Exercise aim: Please copy the records below word for word, leaving out the pictures.
___
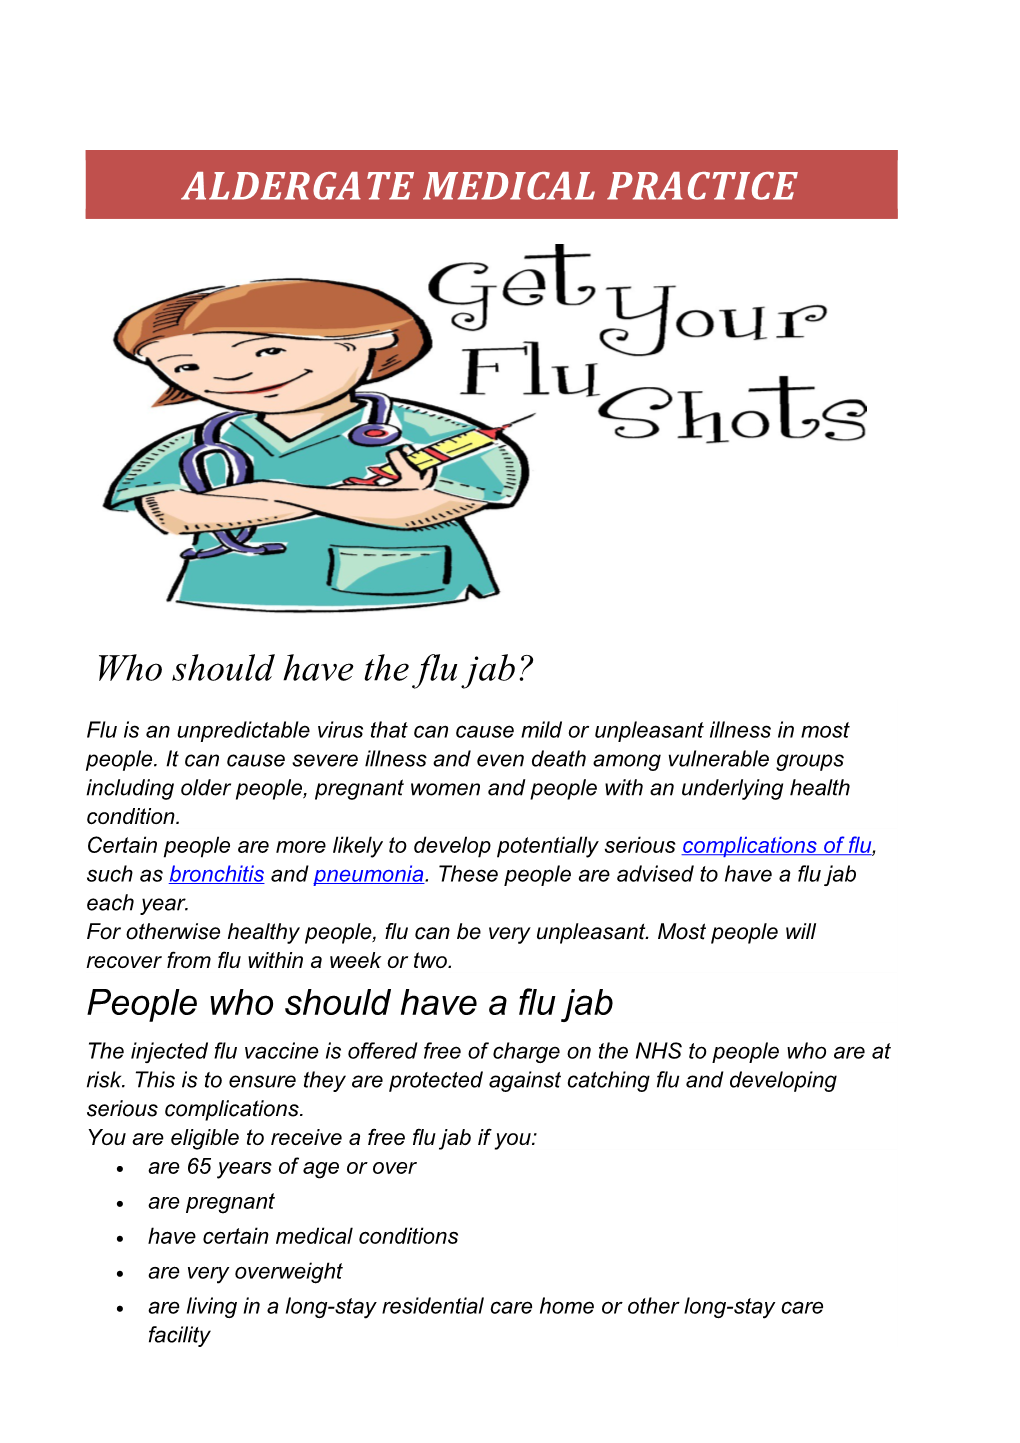 Who Should Have the Flu Jab?
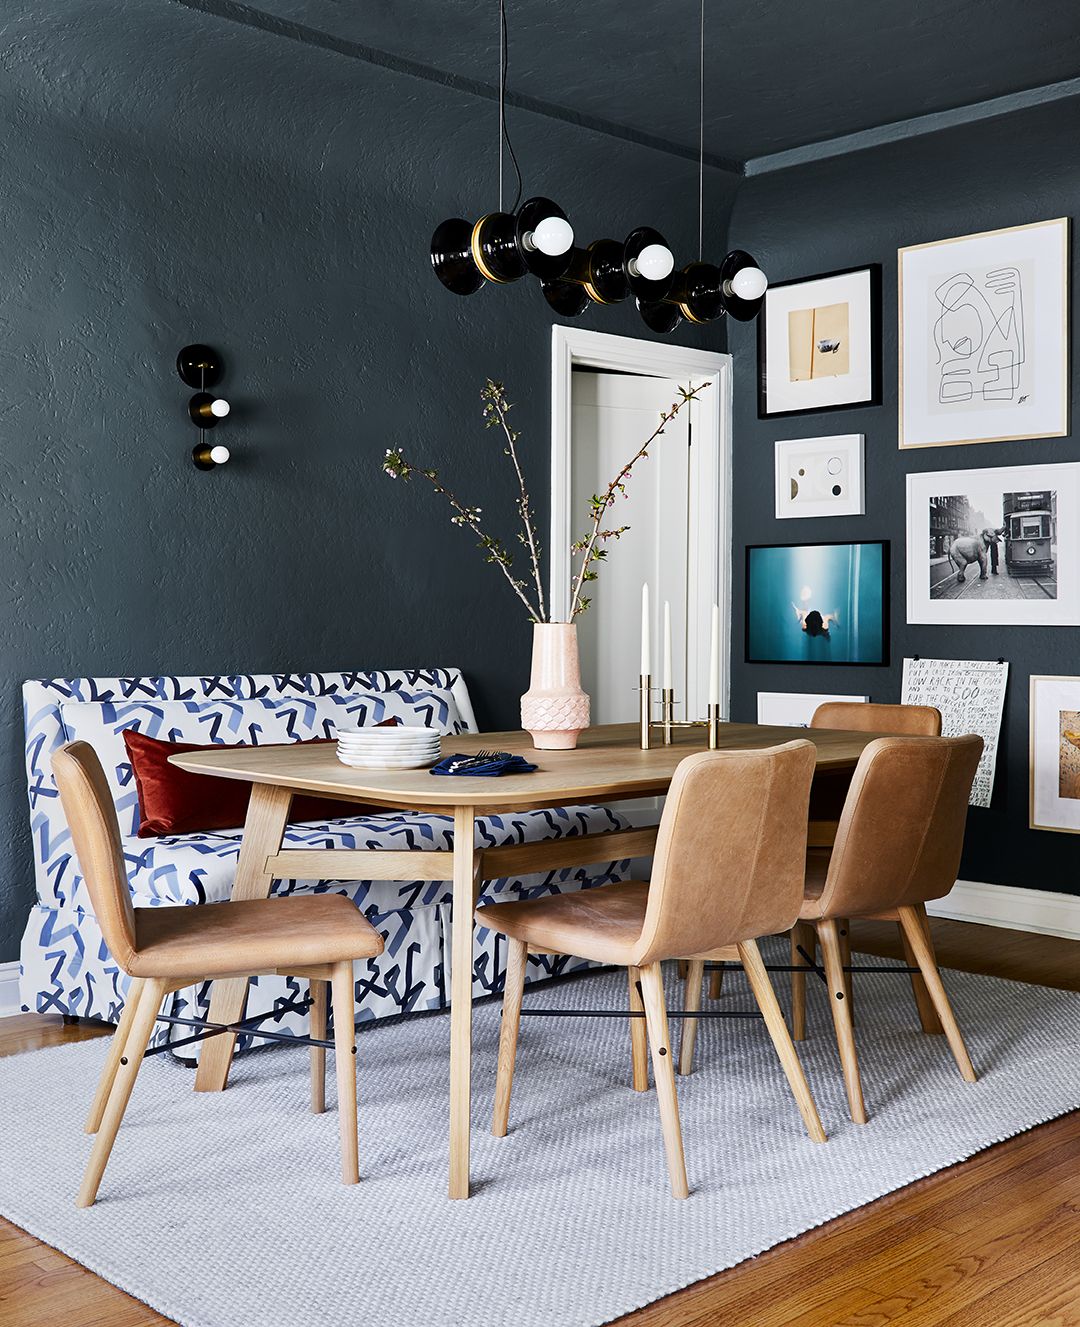 4 Elegant Dining Room Decor Ideas to Make Your Space Cozy - Indian Artisans
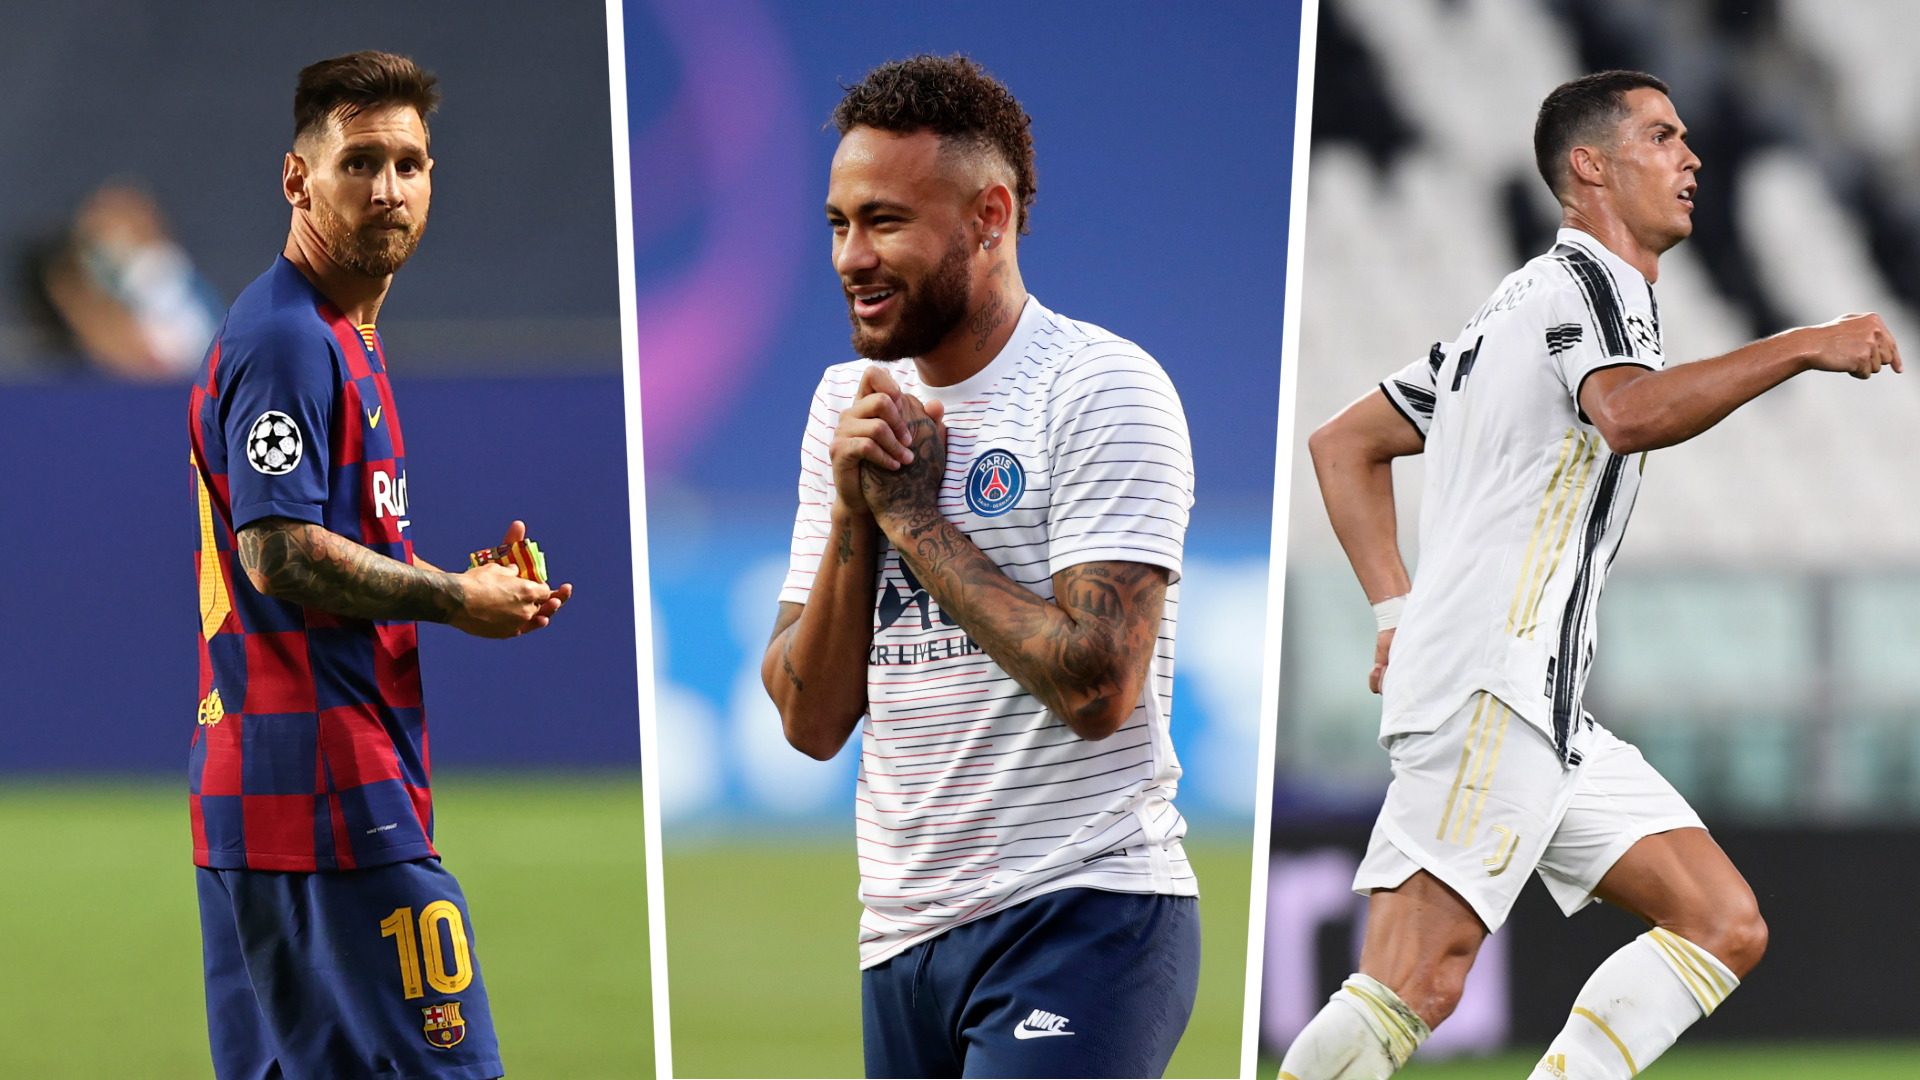 Neymar aiming for Ballon d'Or as he admits Messi and Ronaldo are 'not from this planet'
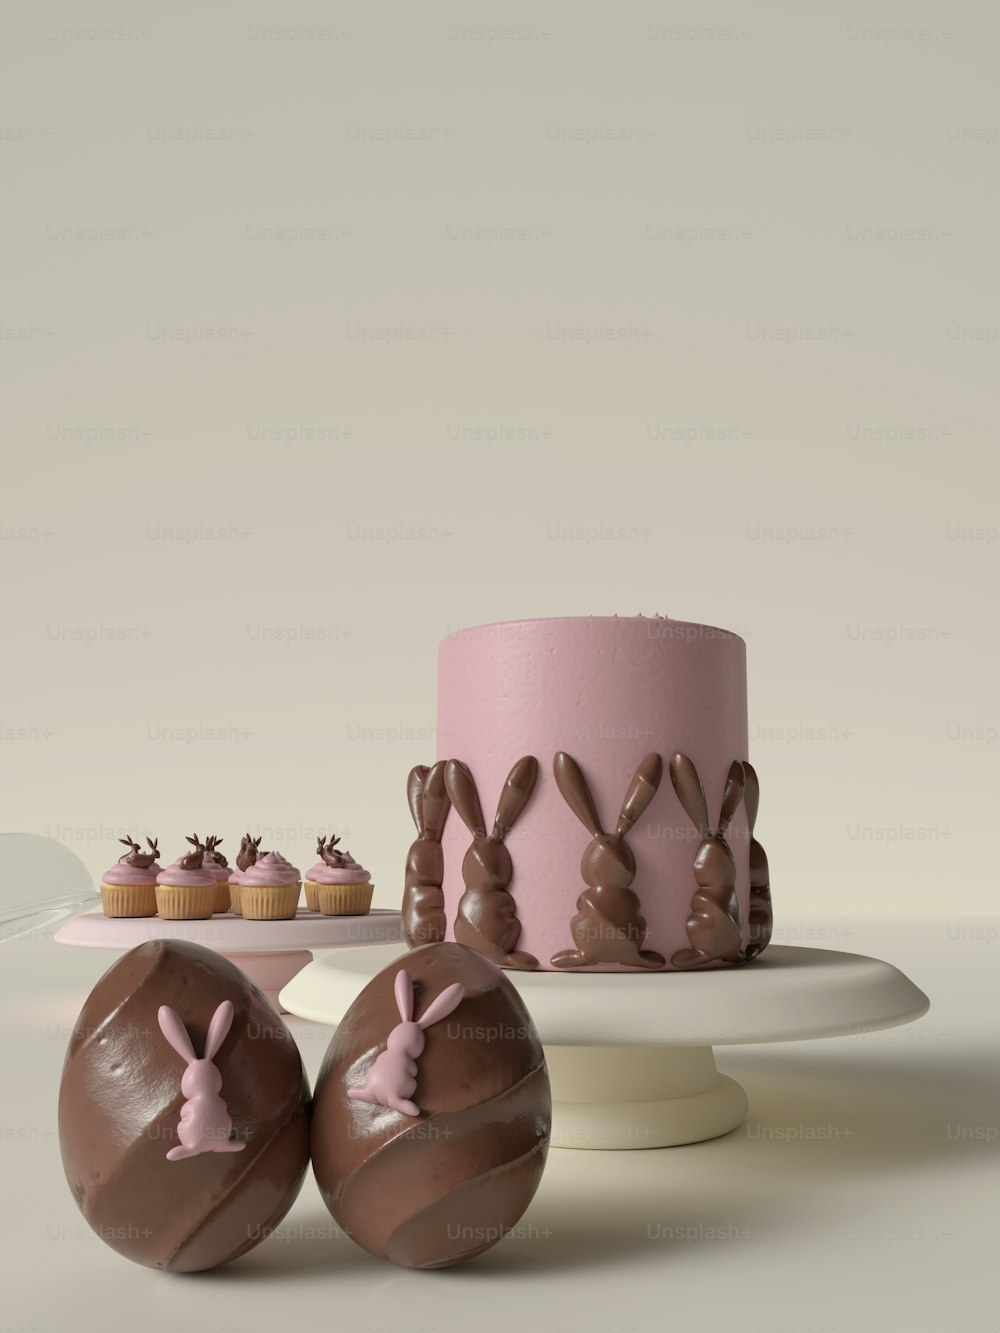 a pink cake with chocolate bunny ears next to it
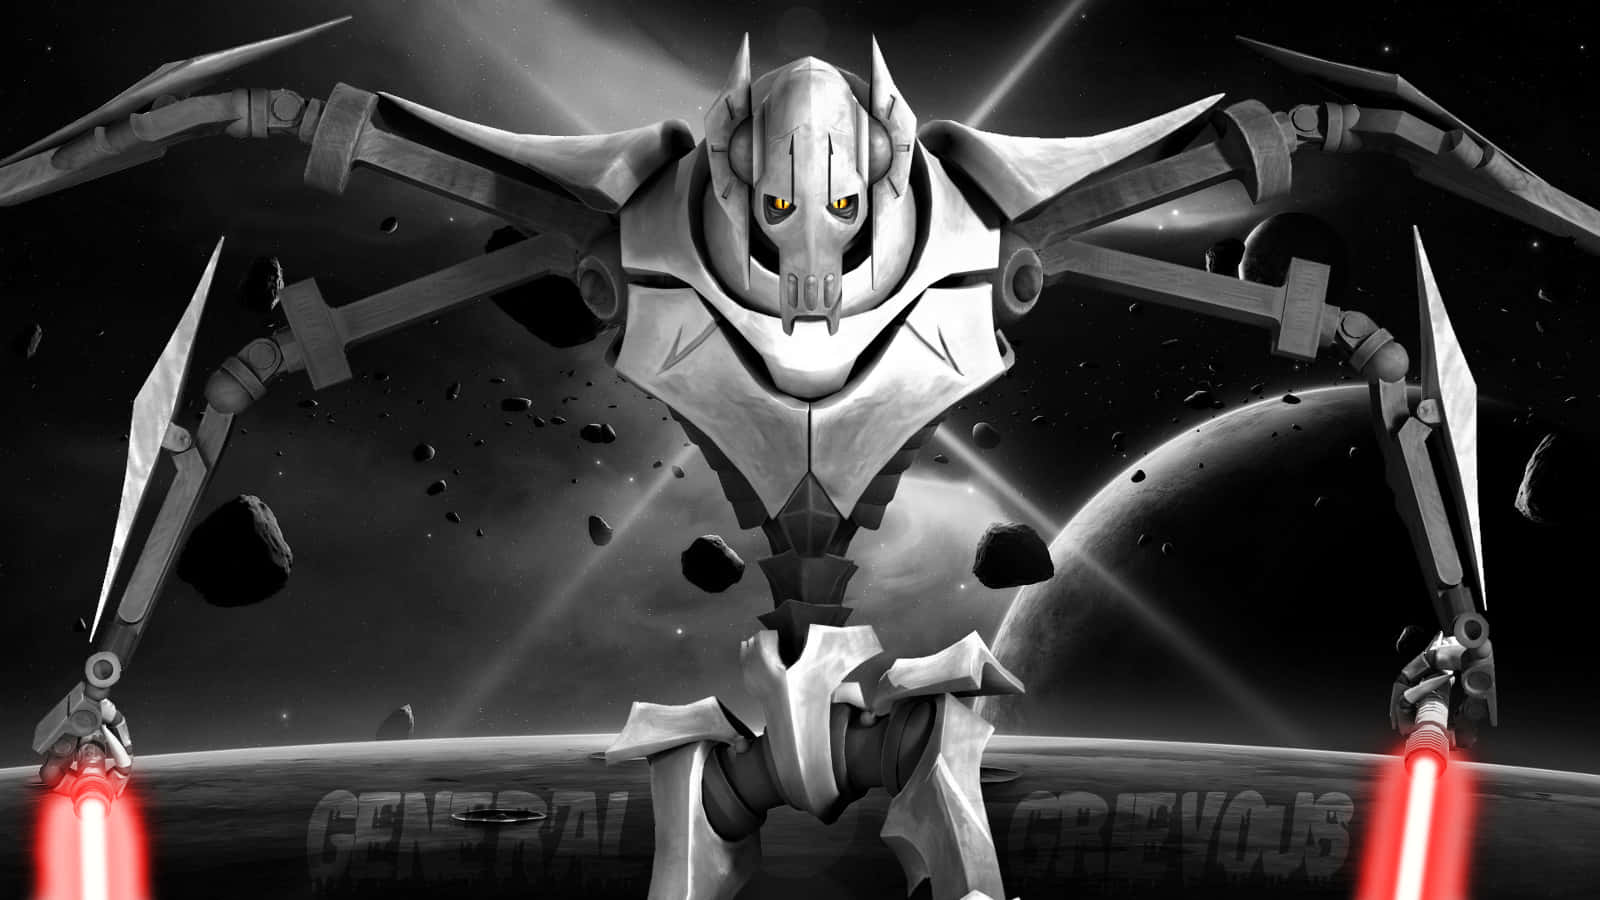 General Grievous, The Robotic Leader Of The Separatist Droid Army Background
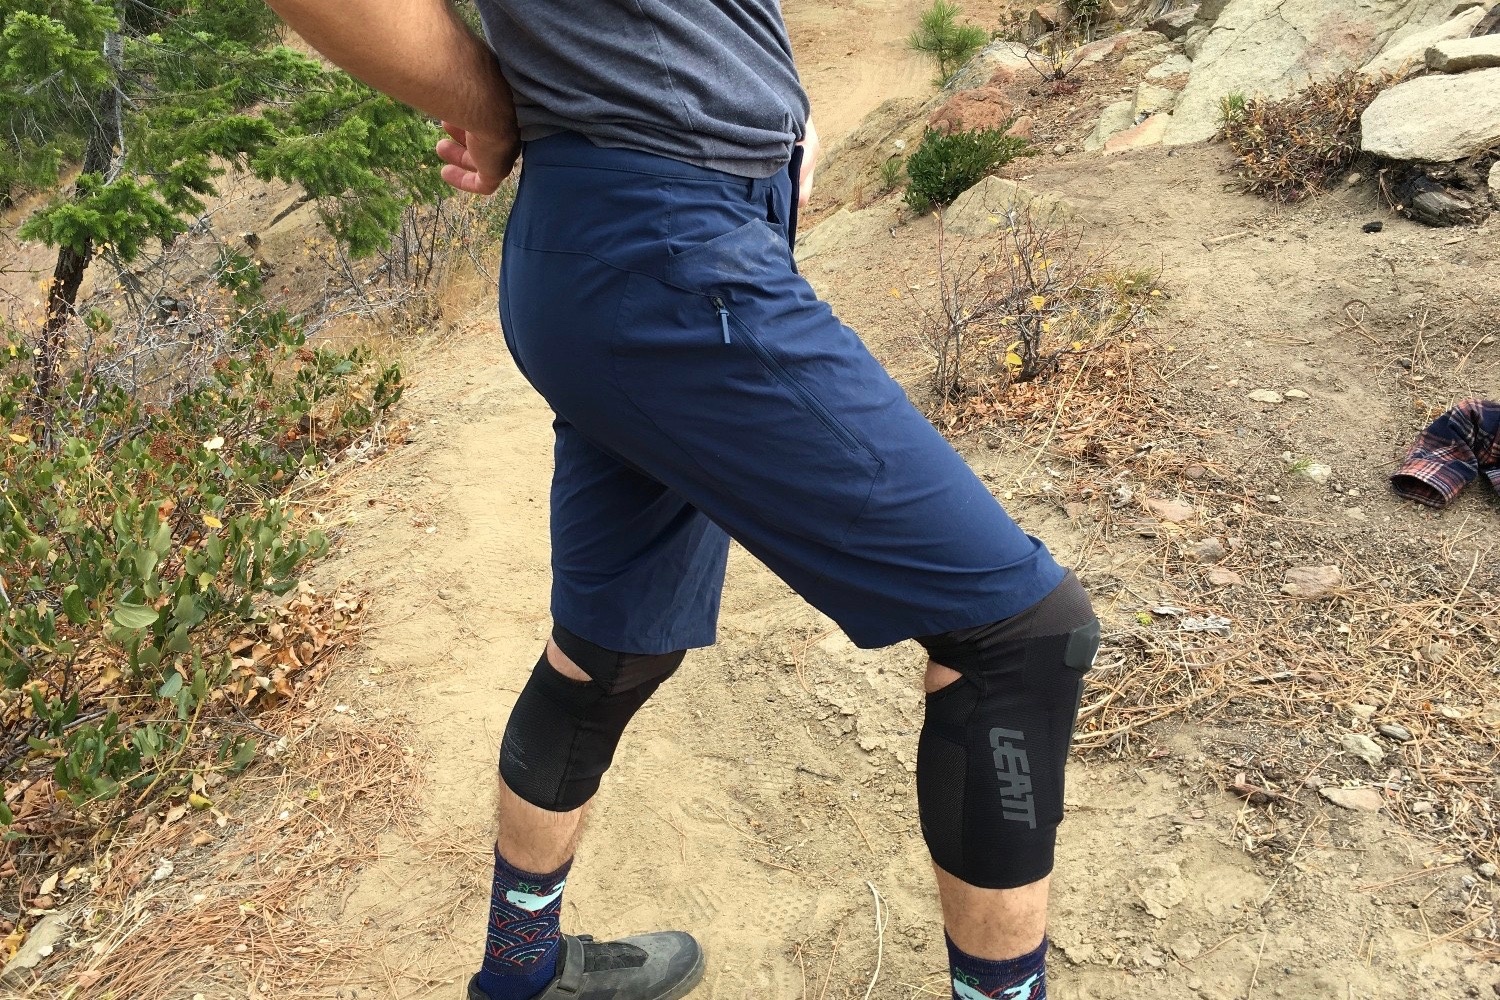 Rapha Trail Shorts Review | Tested by GearLab
___
Problem solution:
 Who Should Have the Flu Jab?
 4 Elegant Dining Room Decor Ideas to Make Your Space Cozy - Indian Artisans
 Neymar aiming for Ballon d'Or as he admits Messi and Ronaldo are 'not from this planet'
 a pink cake with chocolate bunny ears next to it
 General Grievous, The Robotic Leader Of The Separatist Droid Army Background
 Rapha Trail Shorts Review | Tested by GearLab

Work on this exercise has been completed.